Entries supplied: Begin

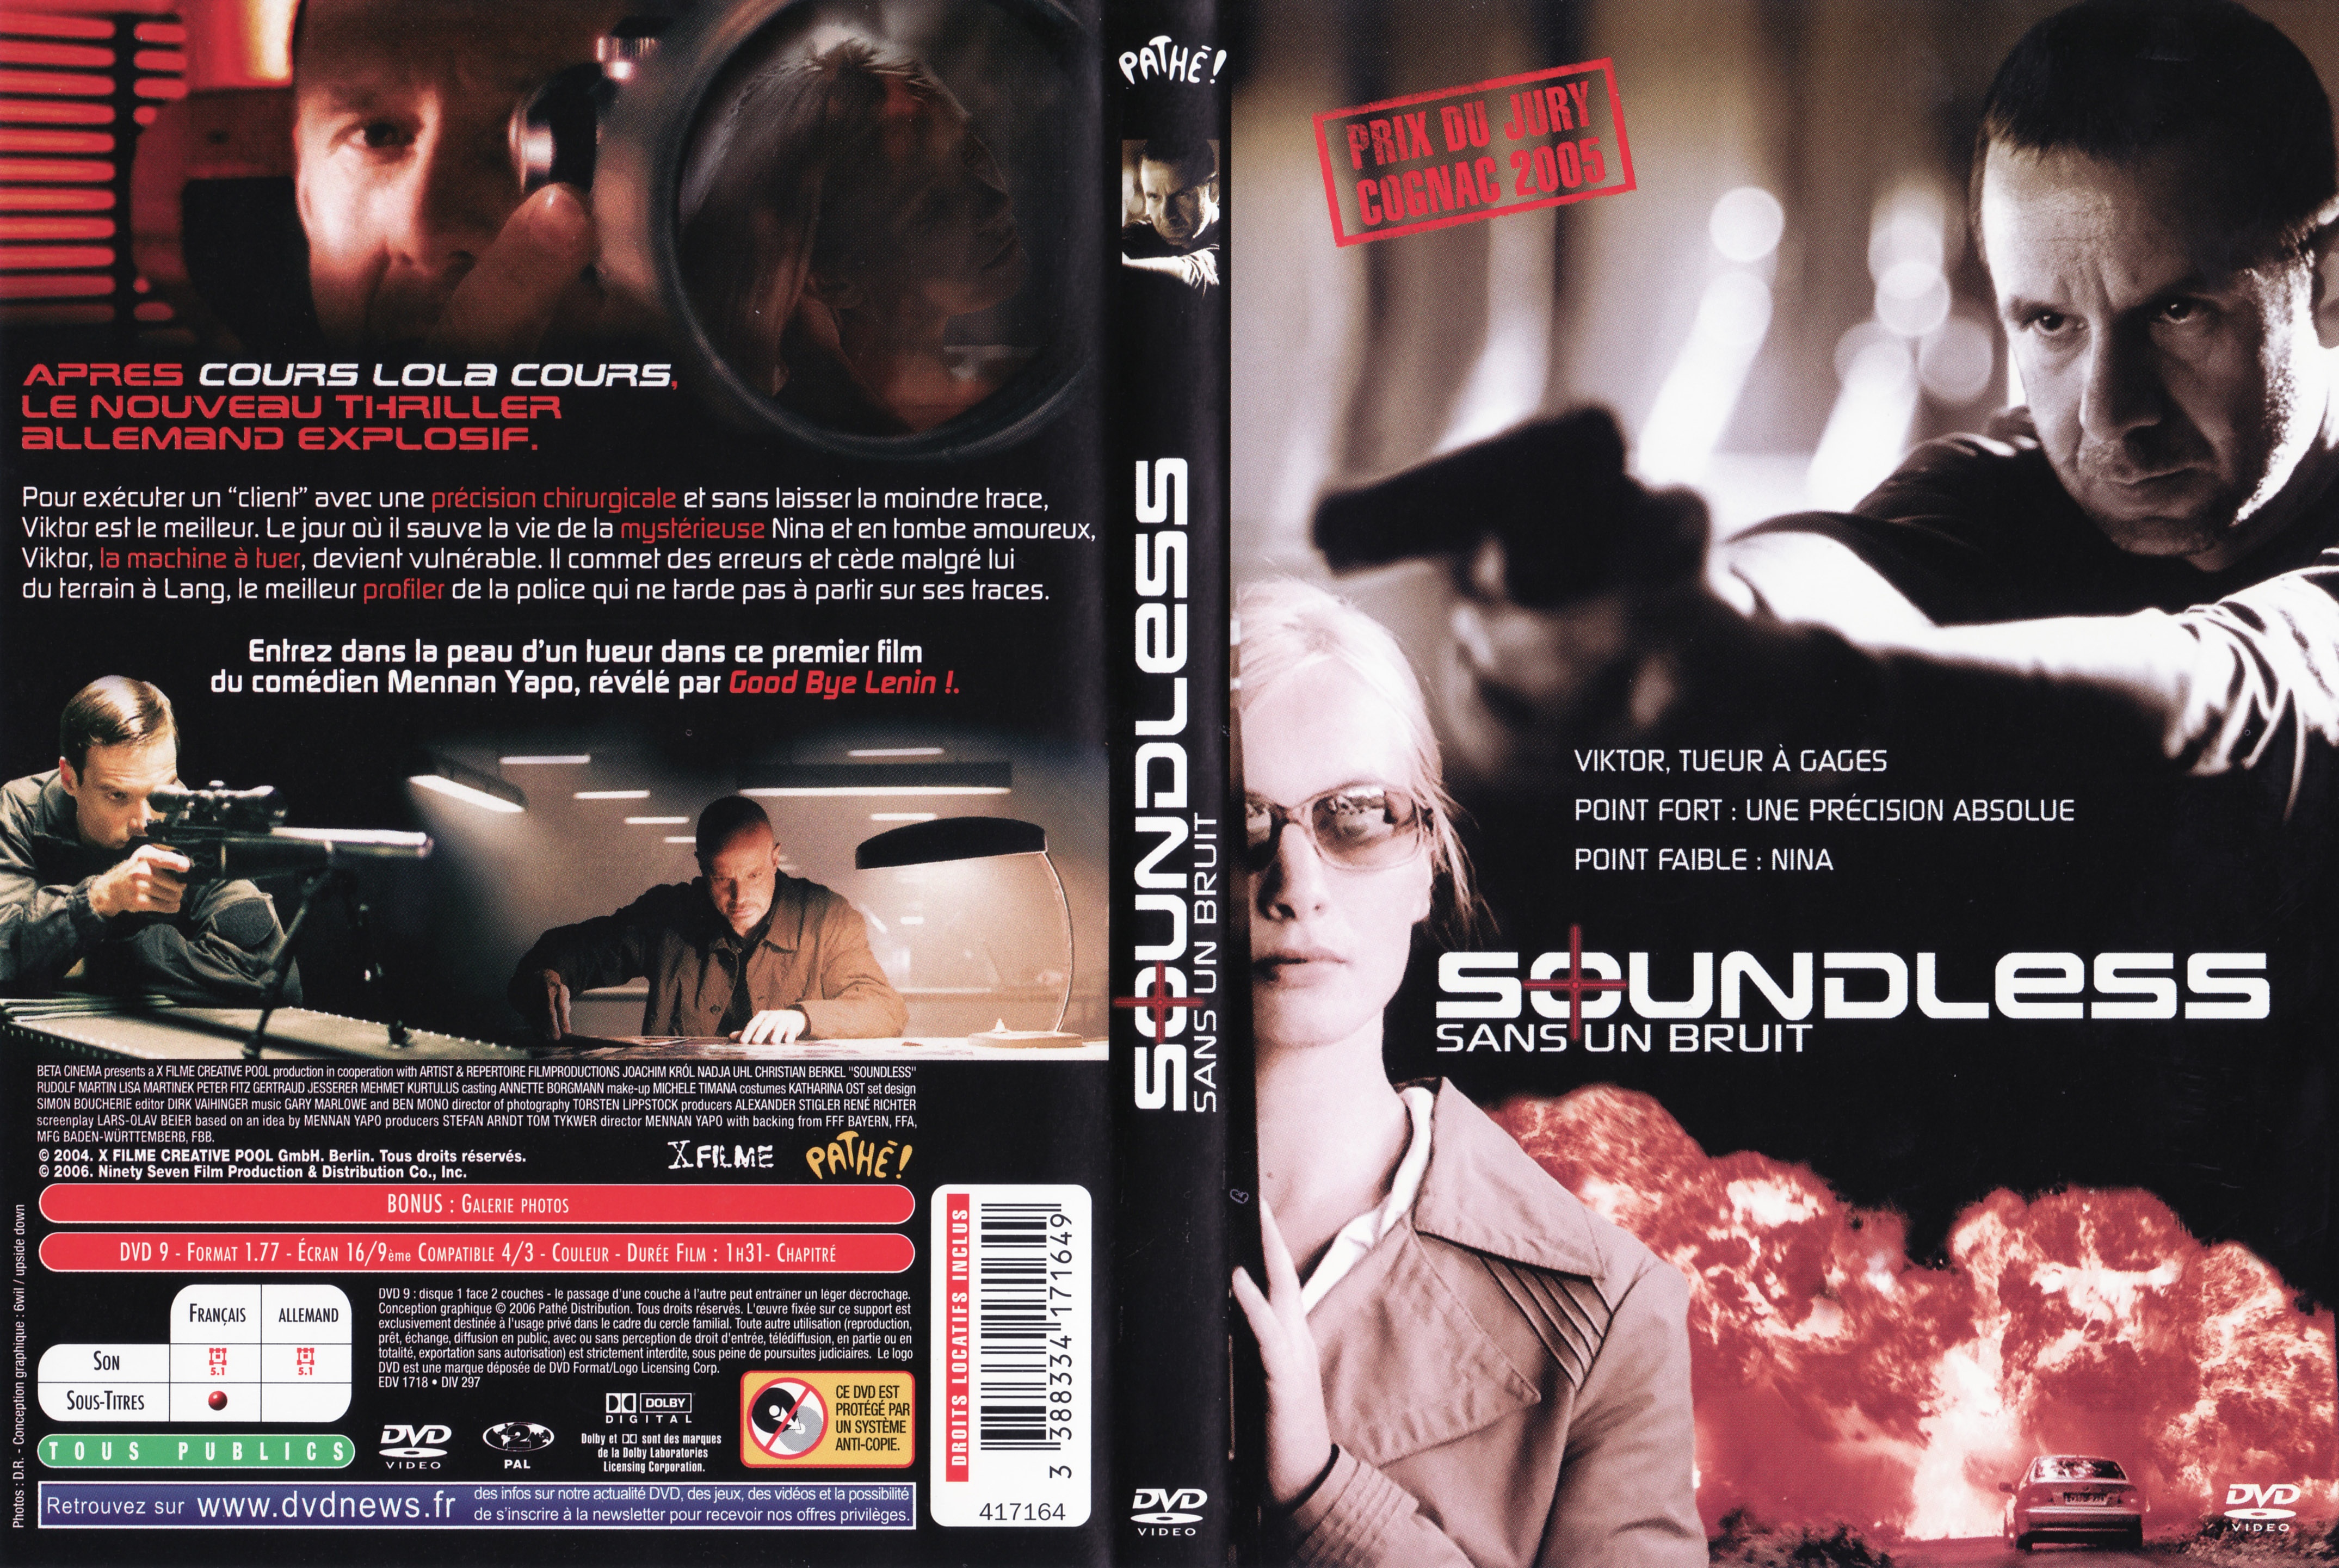 Jaquette DVD Soundless Sans bruit
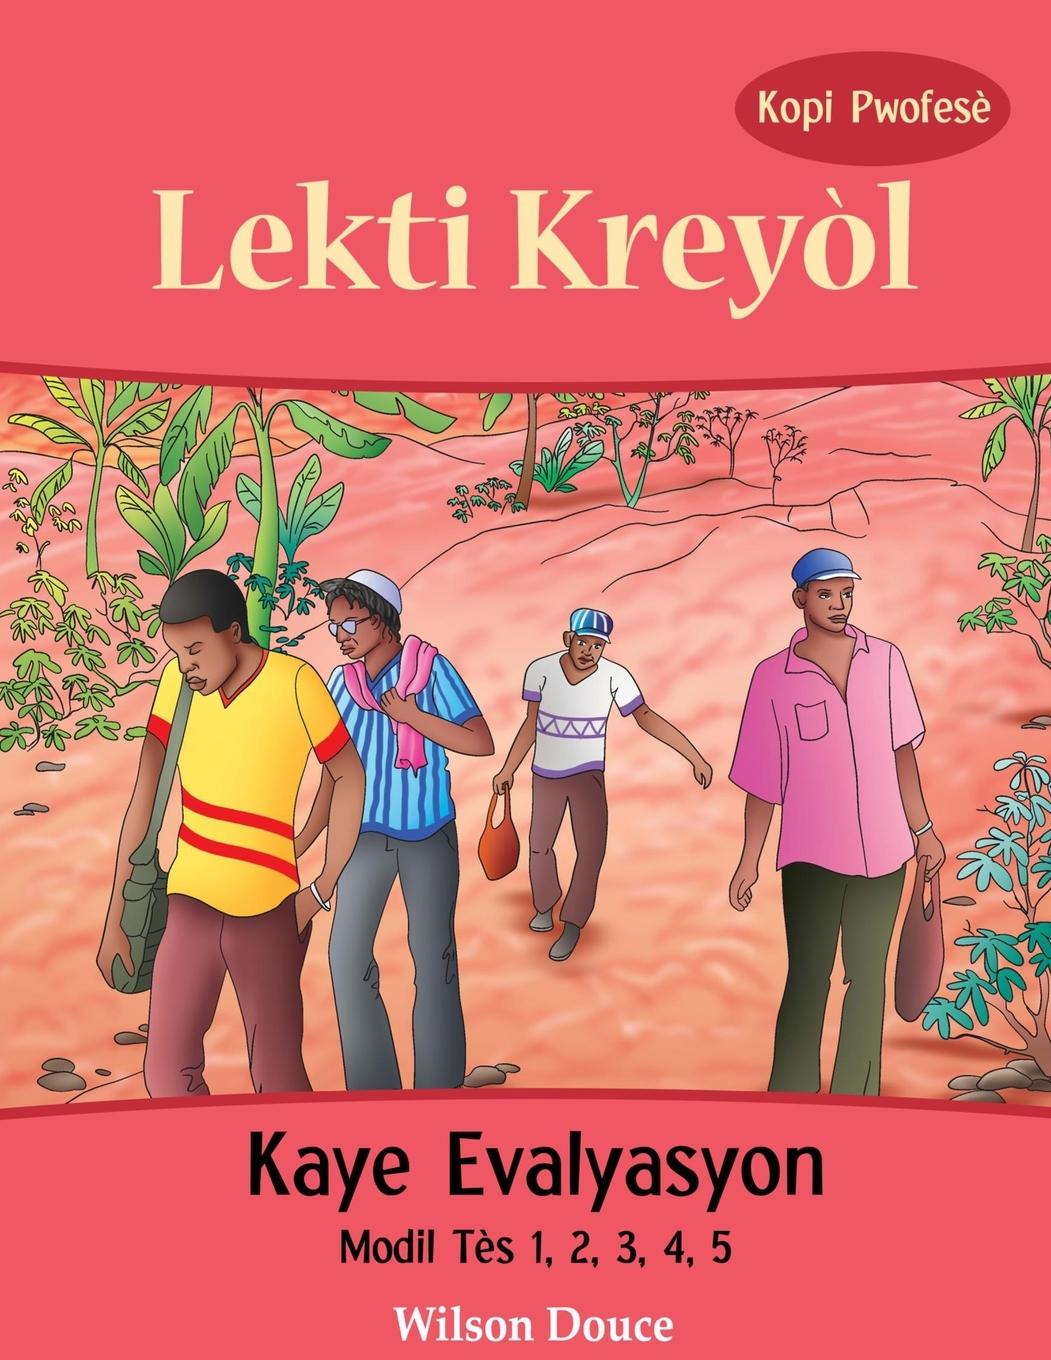 Kniha Lekti Kreyol Kaye Evalyasyon Kopi Pwofese 
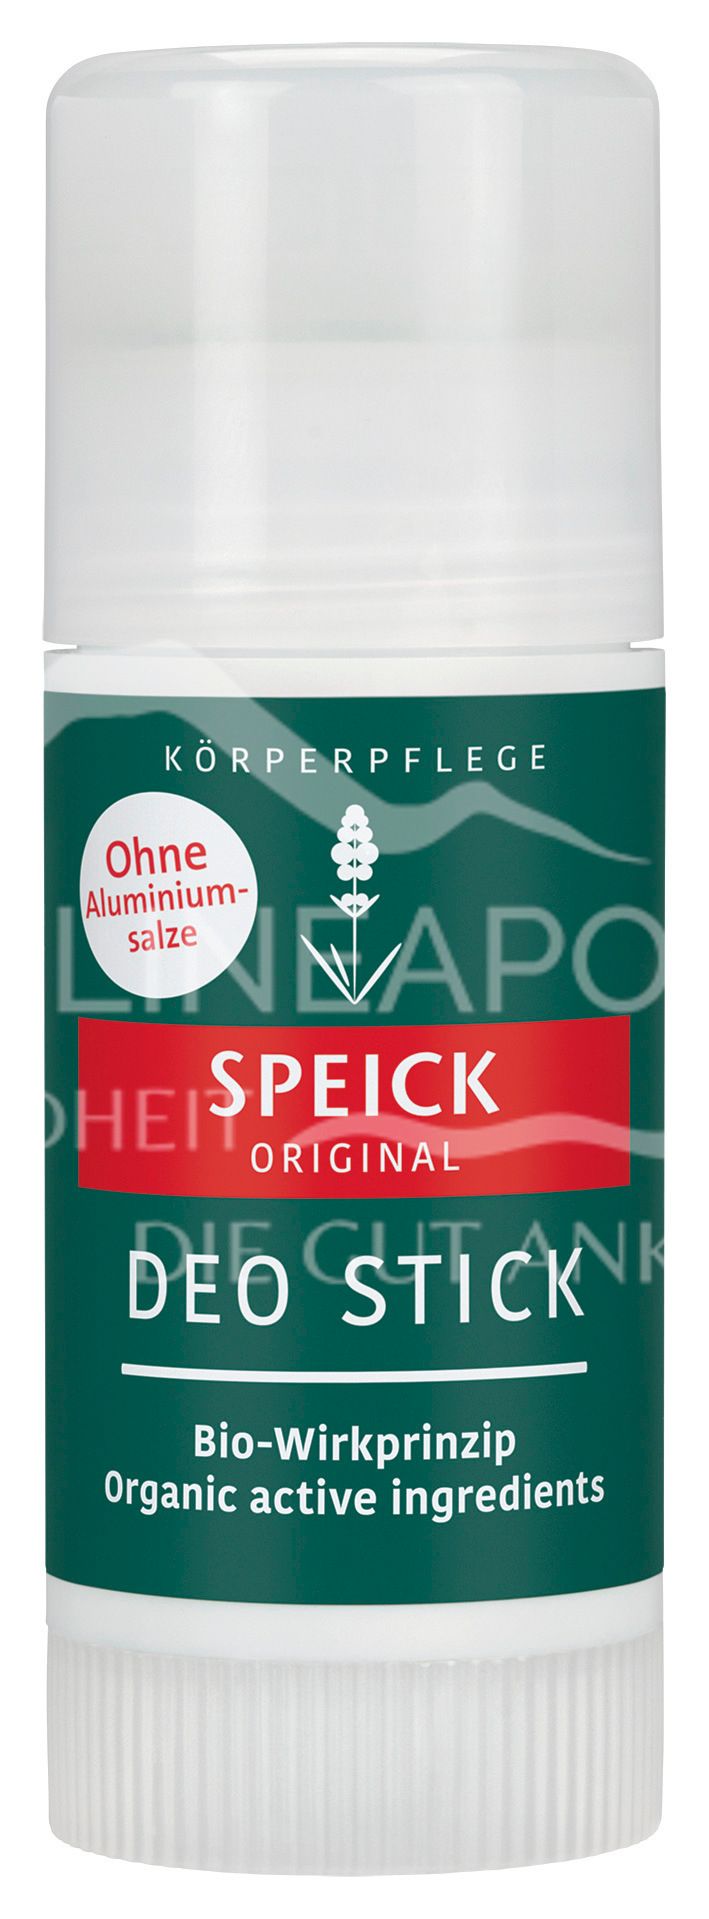 Speick Original Deo Stick
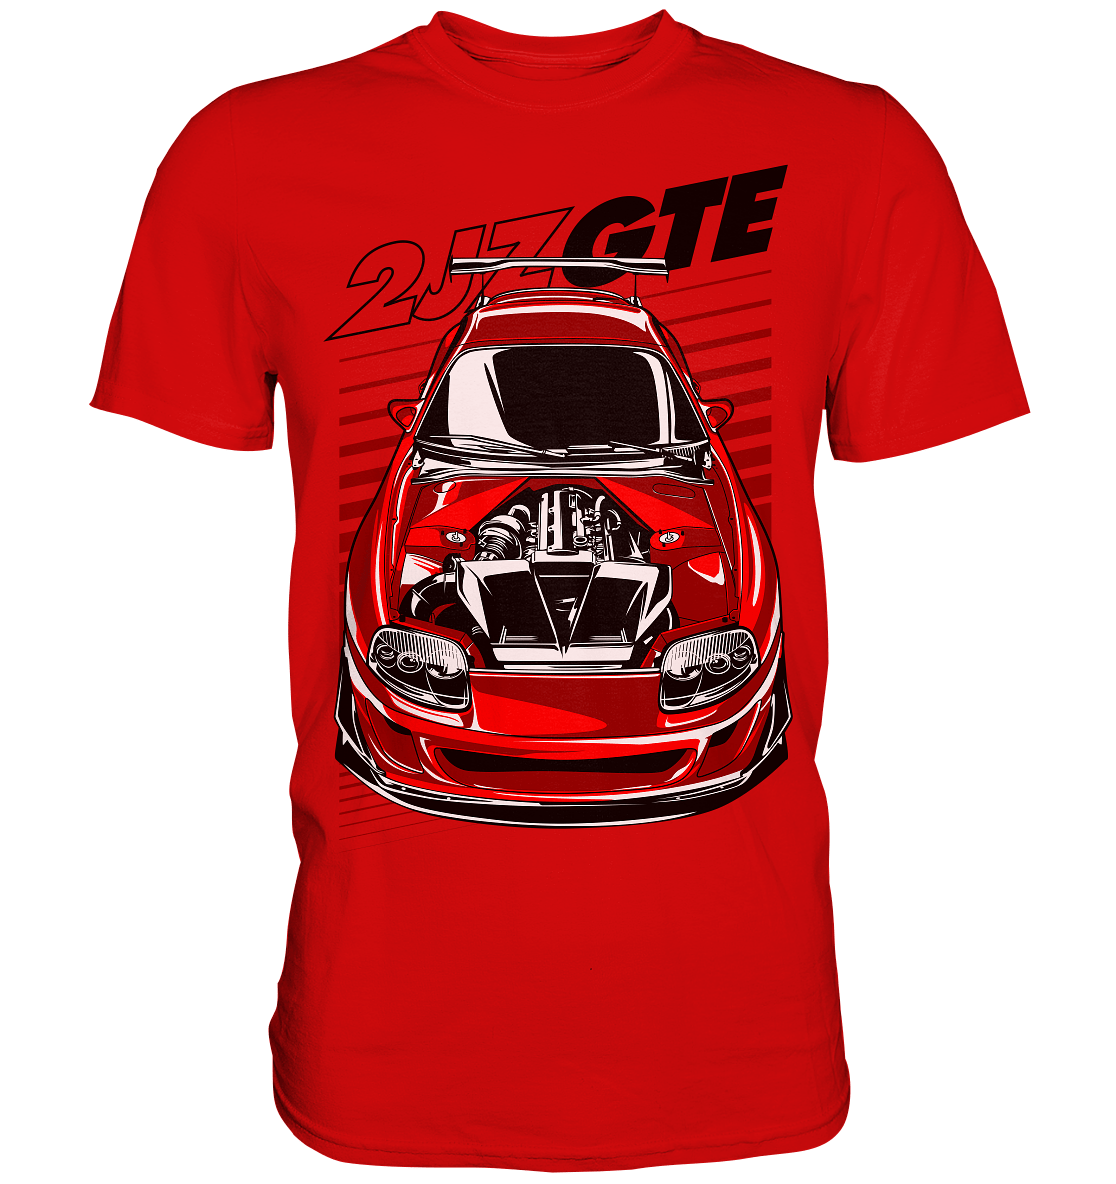 2JZ GTE MK4 - Premium Shirt - MotoMerch.de
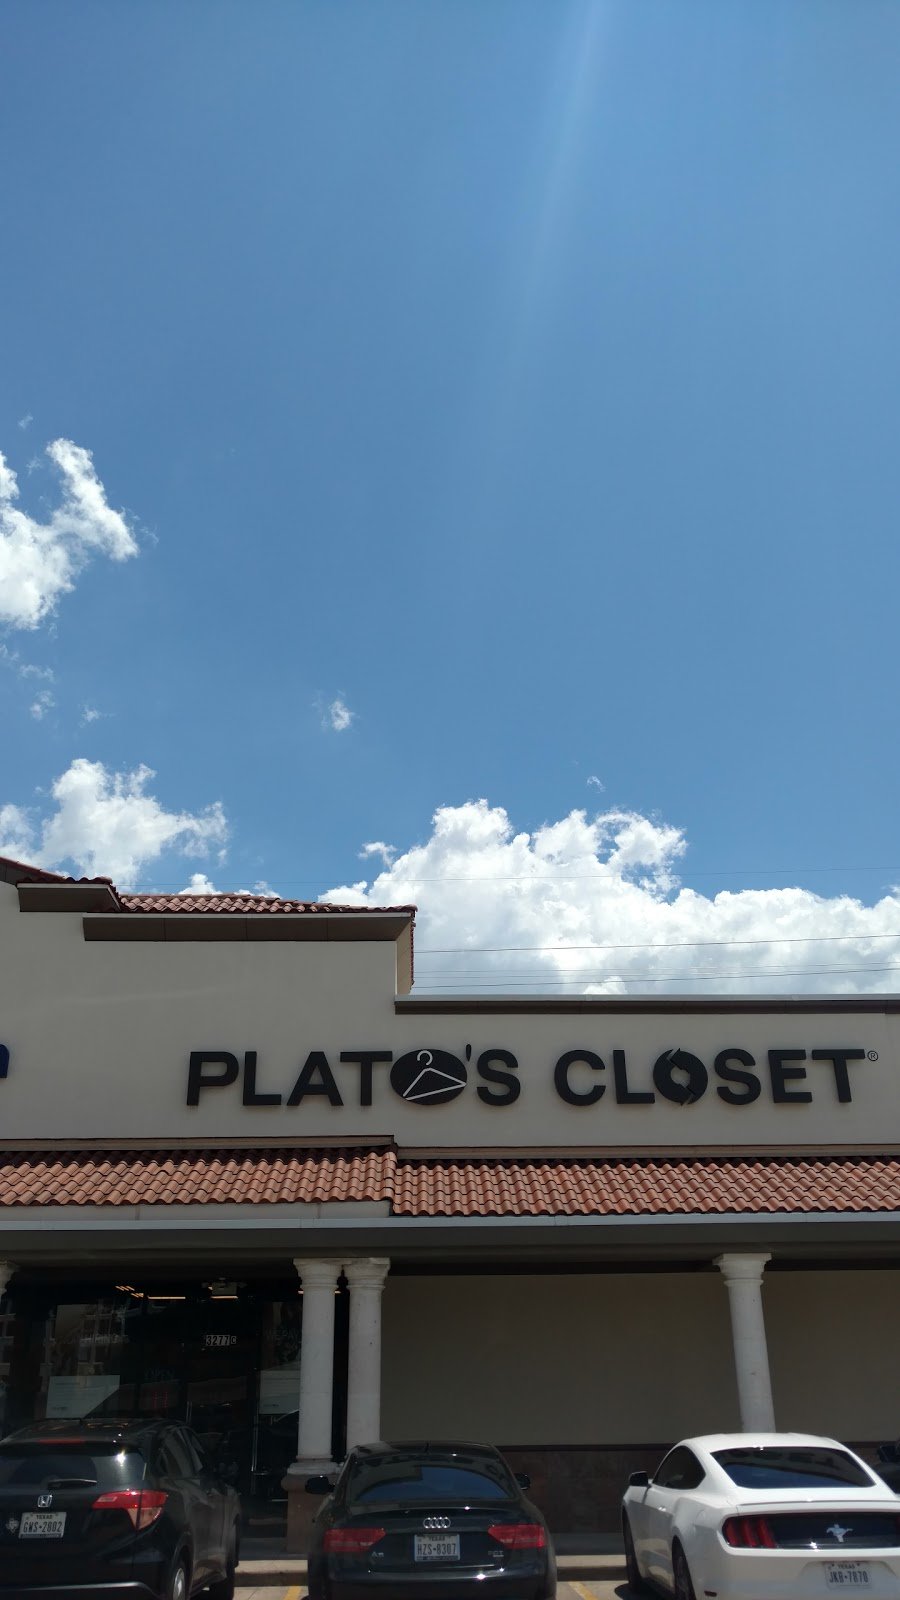 Plato’s Closet Greenway

Entries supplied: End

Print every entry above again, exactly as written. Leave the images out.

## Response to the task:
 Jaquette DVD Soundless Sans bruit
 Kniha Lekti Kreyol Kaye Evalyasyon Kopi Pwofese 
 Speick Original Deo Stick
 2JZ GTE MK4 - Premium Shirt - MotoMerch.de
 Plato’s Closet Greenway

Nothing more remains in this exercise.